The paper also sets out options in the areas of:
• reducing the high rate of long-term benefit dependency among Māori, in particular through partnerships, targets and specific programmes;
• involving and supporting employers in providing jobs and promoting wellness in their workforce;
• keeping at-risk youth in education, training or employment;
• making system-wide changes to improve the focus on paid work and early intervention to reduce long-term costs. Options range from amending the status quo to major structural change such as a guaranteed minimum income, social insurance in part or in full, or incorporating insurance-based investment strategies, so that decision making is based on the expected life-time costs; and
• improving the effectiveness of service delivery.
The Options Paper is available at http://ips.ac.nz/WelfareWorkingGroup/Index.html and people can provide feedback in writing or online through the website.
Feedback will be welcome up to 24 December. The Working Group is due to present its final report and recommendations to the Government in February 2011.
Welfare Working Group Fact Sheet for
Reducing Long-term Benefit Dependency: The Options
The Welfare Working Group is an independent review group established by the Government in April 2010 to examine longterm welfare dependence. The group has been asked to develop practical options for a more effective and sustainable welfare system.
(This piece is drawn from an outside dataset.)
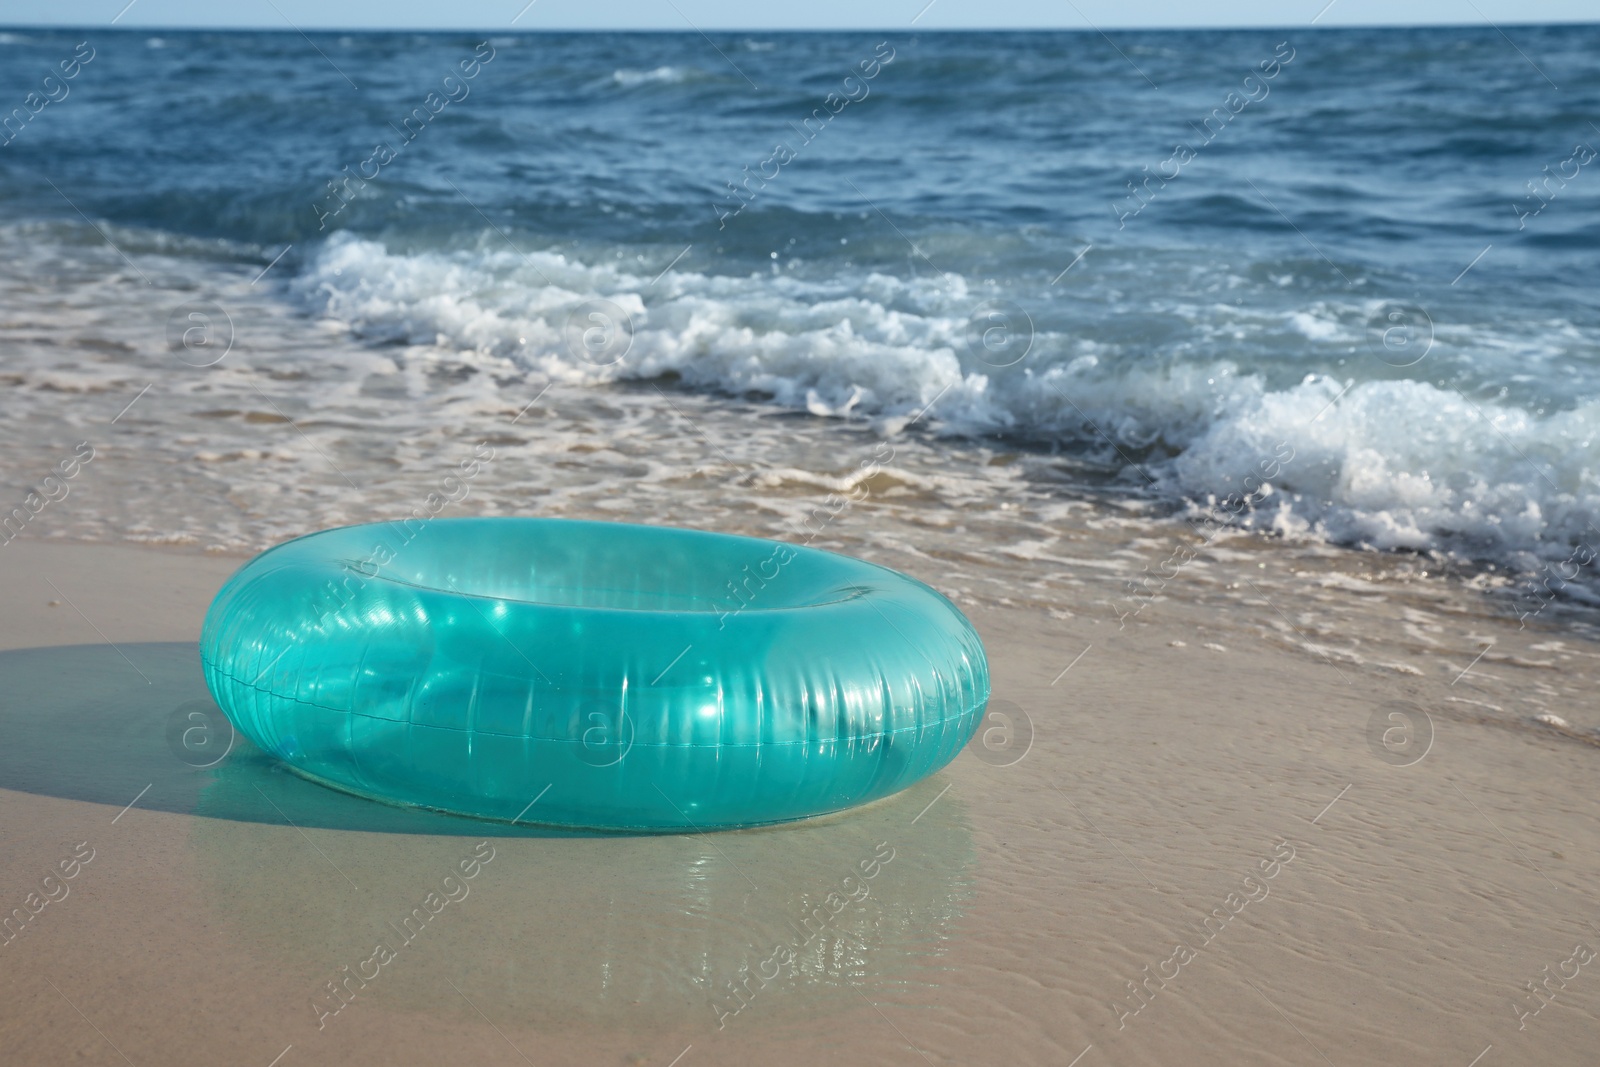 Photo of Bright inflatable ring on sandy beach near sea, space for text

The Welfare Working Group canvassed views at a Forum in June and released a paper in August setting out the issues for feedback. It is now setting out options for addressing those issues and asking for public discussion and feedback. The Welfare Working Group does not have any preferred options and will consider feedback and submissions on the options before making its recommendations in a report to the Government in February 2011.
Welfare Working Group
The Welfare Working Group is made up of a mix of business and community leaders, academics and employers. The members are:
• Ms Paula Rebstock (Chair)
• Professor Des Gorman
• Professor Kathryn McPherson
• Associate Professor Ann Dupuis
• Ms Catherine Isaac
• Ms Sharon WilsonDavis
• Mr Adrian Roberts
• Ms Enid Ratahi Pryor.
You can find out more about the members of the Working Group on the Welfare Working Group website http://ips.ac.nz/WelfareWorkingGroup/WelfareIndex.html.
Victoria University's Institute of Policy Studies is hosting the Group in Wellington.
1. There are 356,000 working age (18-64 years) adults on a benefit in New Zealand (as at 30 April 2010). This represents one in eight people of working age.
2. Of those on a benefit as at the end of April 2010, nearly 80 percent do not have a work expectation attached to the receipt of their benefit.
3. Just over 170,000 beneficiaries had spent five or more out of the last 10 years on a benefit (not necessarily a continuous spell).
4. Over 27 percent of working-age Maori were on a benefit at the time of the last census (2006) compared to just over 12 percent of the total population.
5. About one in five children (around 222,000 dependent children aged under 18) were living in benefit-reliant households (as at 30 June 2009).
6. About 50 percent (one in two) of sole mothers and 68 percent (two in three) of partnered mothers with dependent children are in paid work.
7. The proportion of the working-age population receiving a Sickness or Invalid’s Benefit has risen steadily from about 1 percent in the 1970’s to 5 percent in 2008.
8. If current trends in benefit receipt continue 16% of the working age population could be on a benefit by 2050.
9. About half of the people who entered the benefit system before their 18th birthday spent five or more of the next 10 years on a benefit, based on a cohort who entered in 1999.
10. Between 2004 and 2007, when 10 percent of the working age population were on benefit, 15 percent of employers found it difficult to fill labouring, production and transport vacancies.